= Function type =

In computer science and mathematical logic, a function type (or arrow type or exponential) is the type of a variable or parameter to which a function has or can be assigned, or an argument or result type of a higher-order function taking or returning a function.

A function type depends on the type of the parameters and the result type of the function (it, or more accurately the unapplied type constructor · → ·, is a higher-kinded type). In theoretical settings and programming languages where functions are defined in curried form, such as the simply typed lambda calculus, a function type depends on exactly two types, the domain A and the range B. Here a function type is often denoted A → B, following mathematical convention, or B^{A}, based on there existing exactly B^{A} (exponentially many) set-theoretic functions mappings A to B in the category of sets. The class of such maps or functions is called the exponential object. The act of currying makes the function type adjoint to the product type; this is explored in detail in the article on currying.

The function type can be considered to be a special case of the dependent product type, which among other properties, encompasses the idea of a polymorphic function.

== Programming languages ==
The syntax used for function types in several programming languages can be summarized, including an example type signature for the higher-order function composition function:

| Language |  | Notation | Example type signature |
| With first-class functions, parametric polymorphism | C# | Func<α_{1},α_{2},...,α_{n},ρ> | Func<A,C> compose(Func<B,C> f, Func<A,B> g); |
| Haskell | α -> ρ | compose :: (b -> c) -> (a -> b) -> a -> c |
| OCaml | α -> ρ | compose : ('b -> 'c) -> ('a -> 'b) -> 'a -> 'c |
| Scala | (α_{1},α_{2},...,α_{n}) => ρ | def compose[A, B, C](f: B => C, g: A => B): A => C |
| Standard ML | α -> ρ | compose : ('b -> 'c) -> ('a -> 'b) -> 'a -> 'c |
| Swift | α -> ρ | func compose<A,B,C>(f: (B) -> C, g: (A) -> B) -> (A) -> C |
| Rust | fn(α_{1},α_{2},...,α_{n}) -> ρ | fn compose<A, B, C>(f: fn(A) -> B, g: fn(B) -> C) -> fn(A) -> C |
| With first-class functions, without parametric polymorphism | Go | func(α_{1},α_{2},...,α_{n}) ρ | var compose func(func(int)int, func(int)int) func(int)int |
| C++, Objective-C, with blocks | ρ (^)(α_{1},α_{2},...,α_{n}) | int (^compose(int (^f)(int), int (^g)(int)))(int); |
| Without first-class functions, parametric polymorphism | C | ρ (*)(α_{1},α_{2},...,α_{n}) | int (*compose(int (*f)(int), int (*g)(int)))(int); |
| C++11 | Not unique. std::function<ρ (α_{1},α_{2},...,α_{n})> is the more general type (see below). | function<function<int(int)>(function<int(int)>, function<int(int)>)> compose; |

When looking at the example type signature of, for example C#, the type of the function compose is actually Func<Func<A,B>,Func<B,C>,Func<A,C>>.

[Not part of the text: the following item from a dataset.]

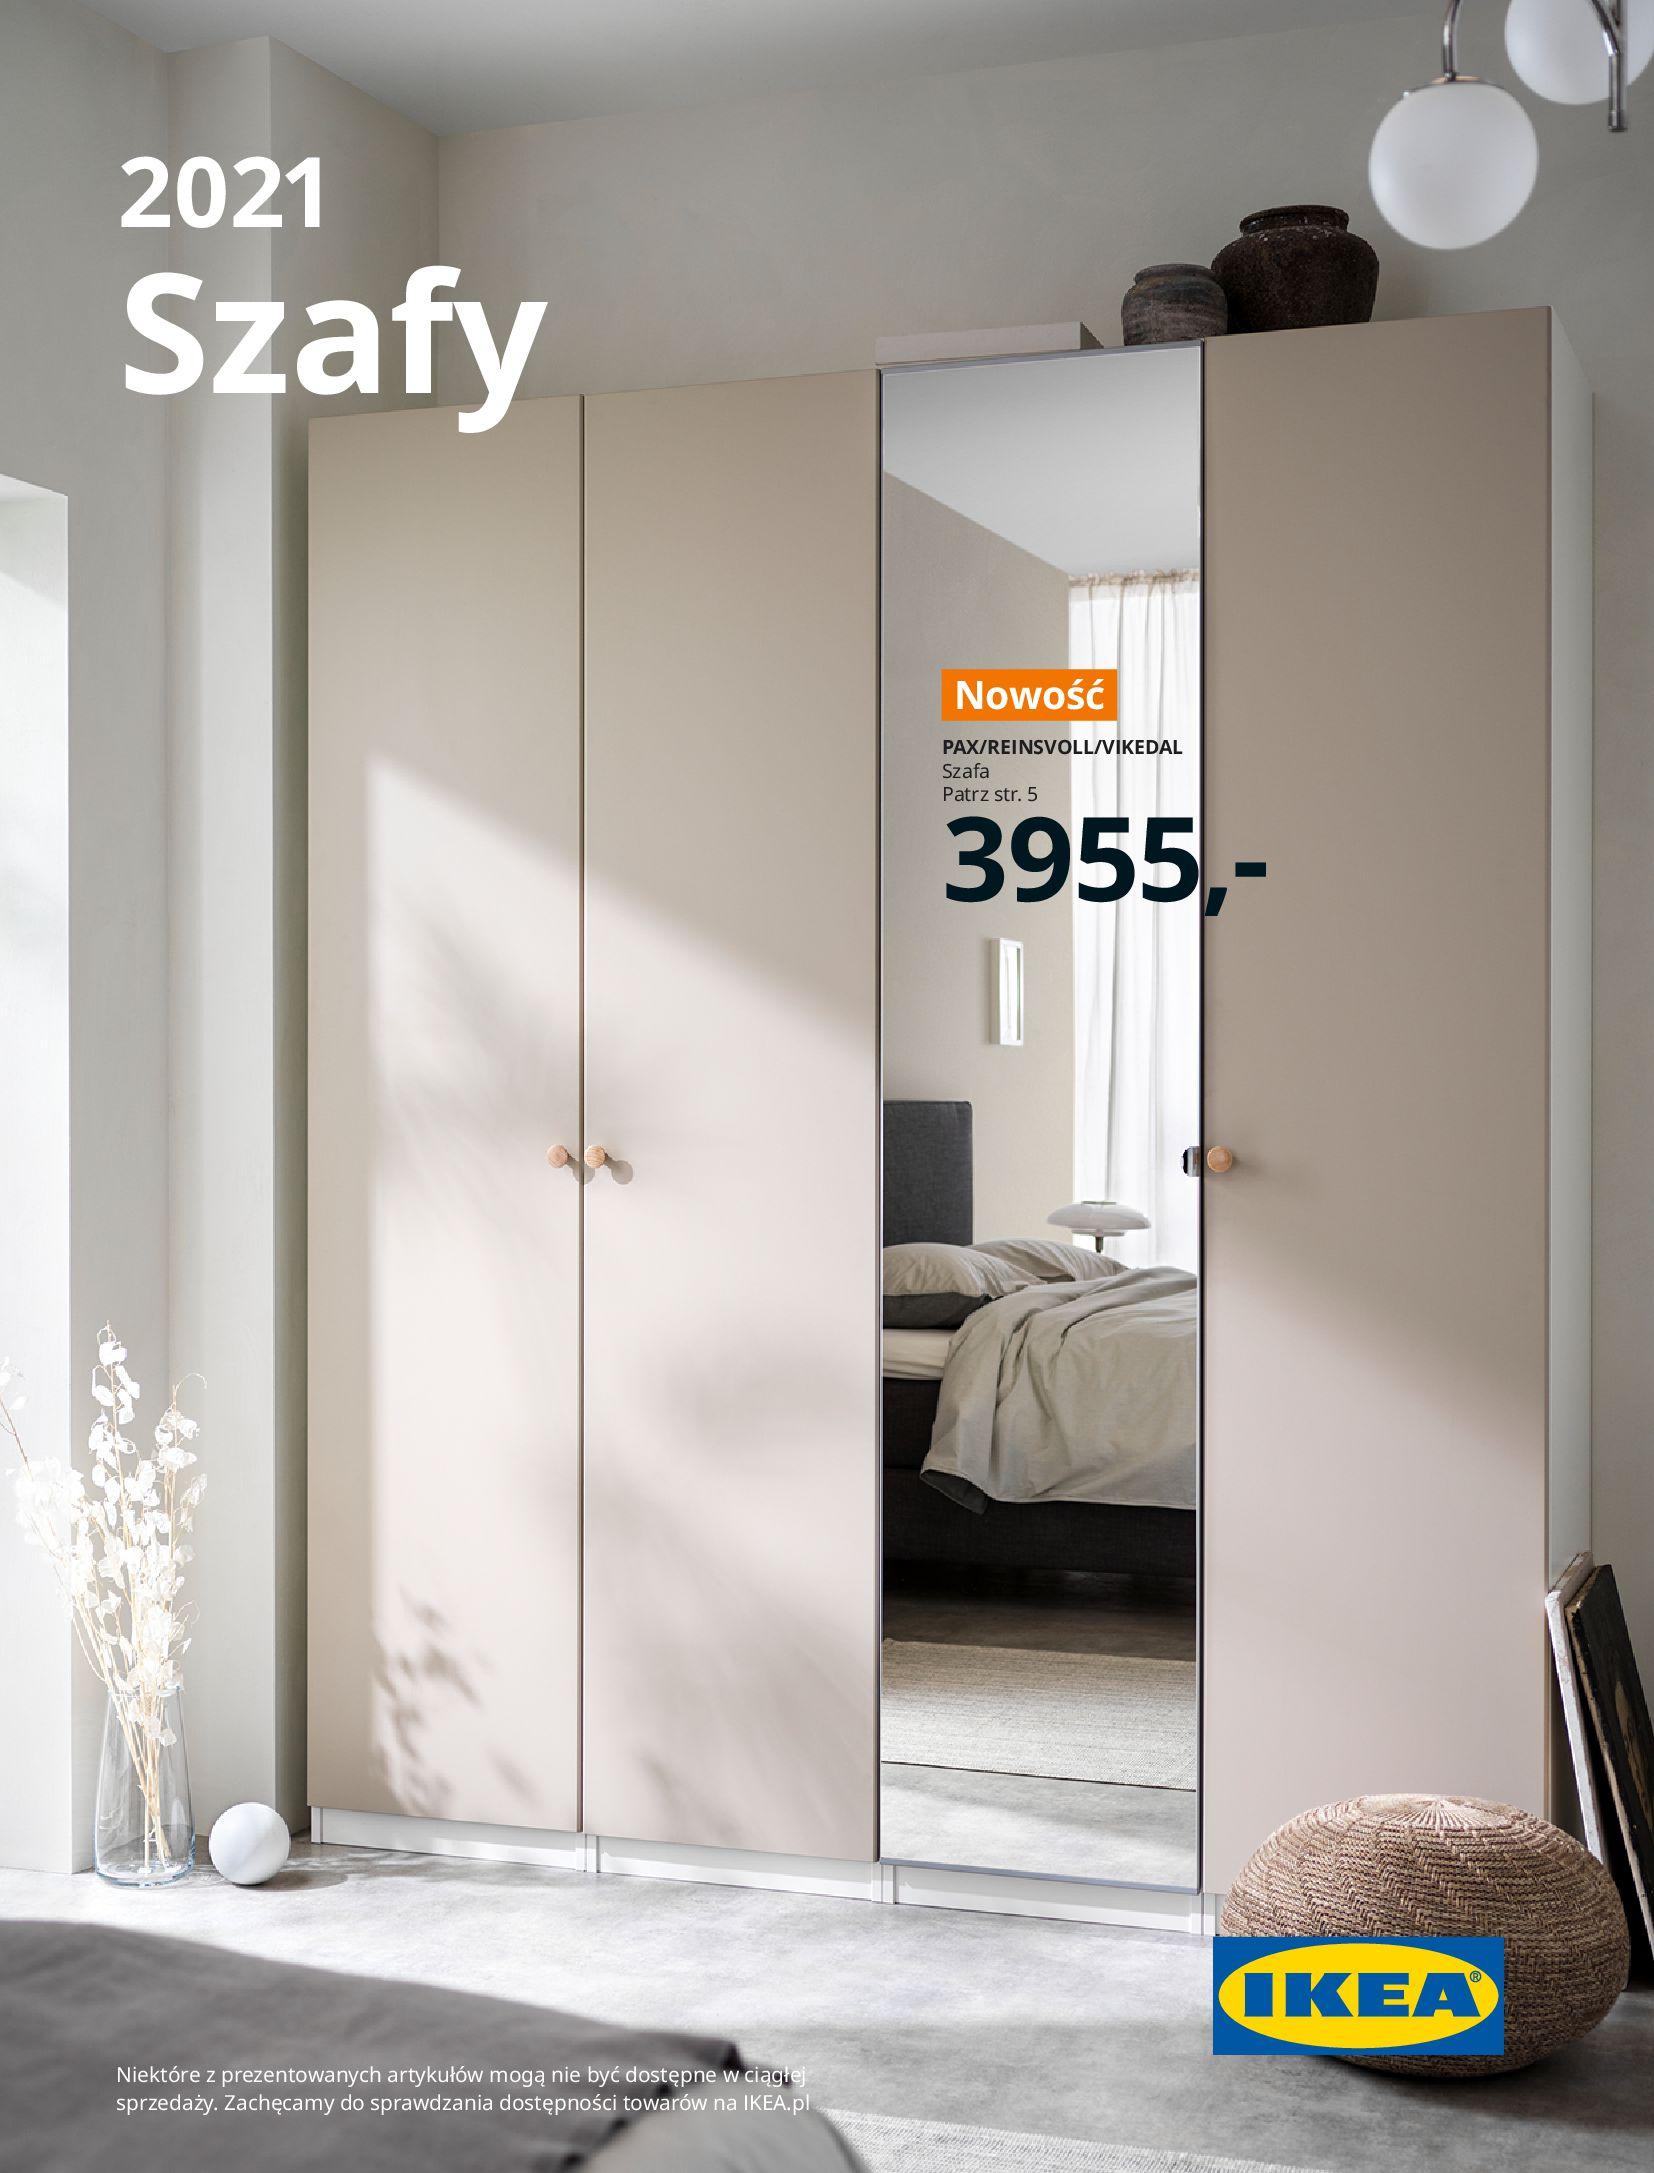 IKEA:  SZAFY 2021 12.01.2021

Due to type erasure in C++11's std::function, it is more common to use templates for higher order function parameters and type inference (auto) for closures.

== Denotational semantics ==
The function type in programming languages does not correspond to the space of all set-theoretic functions. Given the countably infinite type of natural numbers as the domain and the Booleans as range, then there are an uncountably infinite number (2^{ℵ_{0}} = c) of set-theoretic functions between them. Clearly this space of functions is larger than the number of functions that can be defined in any programming language, as there exist only countably many programs (a program being a finite sequence of a finite number of symbols) and one of the set-theoretic functions effectively solves the halting problem.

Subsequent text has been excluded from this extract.